Reproducible Example
import pandas as pd
pd.array([list('test')], dtype='string')
# ValueError: Buffer has wrong number of dimensions (expected 1, got 2)
pd.array([list('test'), list('word')], dtype='string')
# ValueError: Buffer has wrong number of dimensions (expected 1, got 2)
pd.array([list('test'), list('words')], dtype='string')
# <StringArray>
# ["['t', 'e', 's', 't']", "['w', 'o', 'r', 'd', 's']"]
# Length: 2, dtype: string
pd.array([list('test')])
# <NumpyExtensionArray>
# [['t', 'e', 's', 't']]
# Length: 1, dtype: object
Issue Description
I'm trying to transform a list of list of strings into a StringArray
, but the pd.array
method with dtype='string'
doesn't work when the second last level list contains lists of same length, raising an exception (see example). If the lists have different lengths, then the output doesn't raise an error and is correct.
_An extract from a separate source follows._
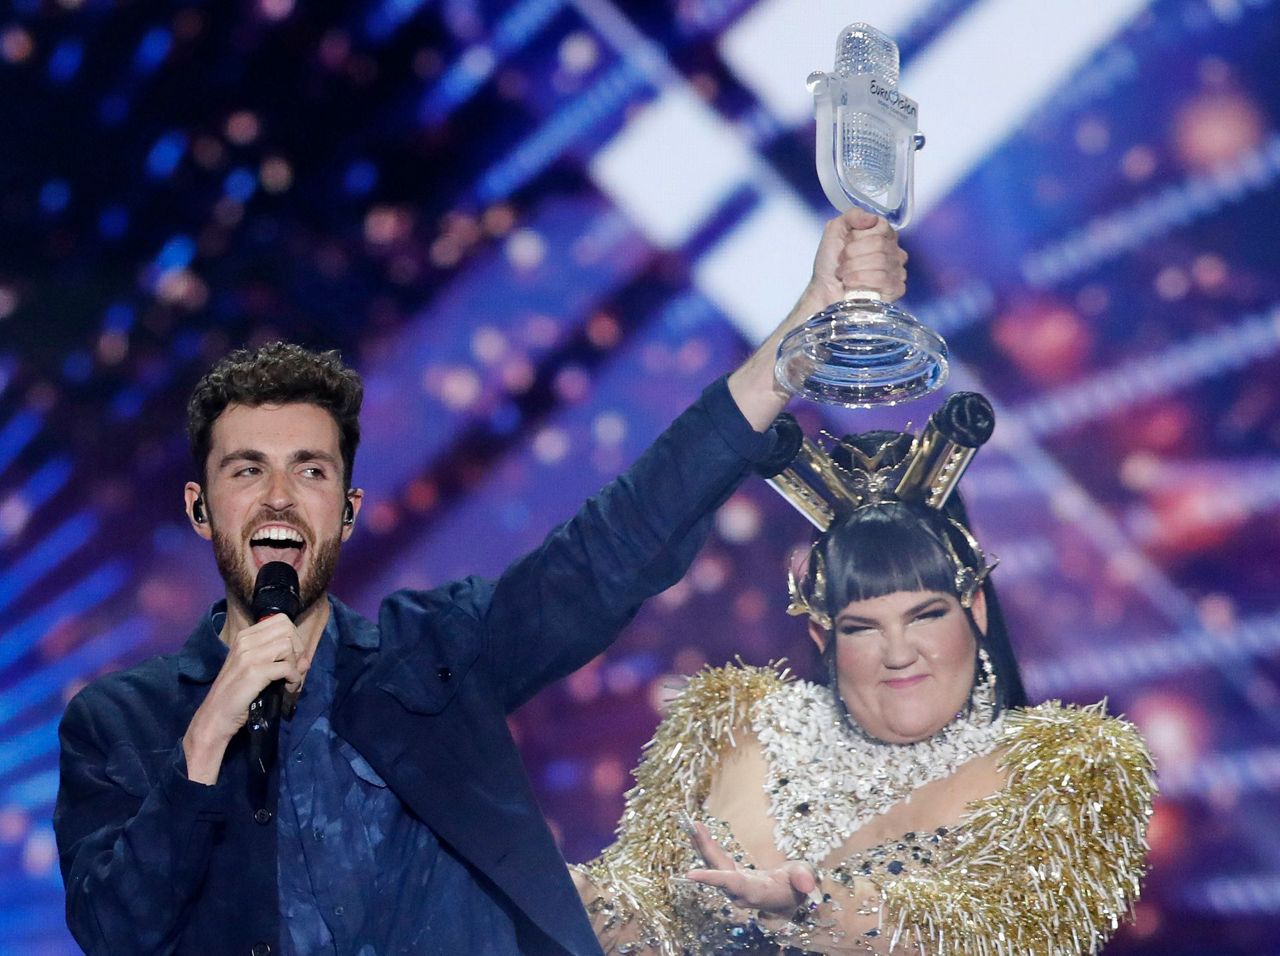 Eurovision Song Contest Grand Final kicks off in Tel Aviv

In an older version of pandas (1.5.3), it produced a list of same length, but containing repeated casts of string arrays
<StringArray>
[
["['t' 'e' 's' 't']", "['t' 'e' 's' 't']", "['t' 'e' 's' 't']",
"['t' 'e' 's' 't']"]
]
Shape: (1, 4), dtype: string
Expected Behavior
Same as pd.array([list('test')]) but with StringArray
type.
Installed Versions
Comment From: rhshadrach
Thanks for the report! For expected behavior you wrote:
Same as pd.array([list('test')]) but with
StringArray
type.
The result of pd.array([list('test')])
is an array whose elements are lists. For a StringArray
, the elements must be strings. Therefore you cannot accomplish this.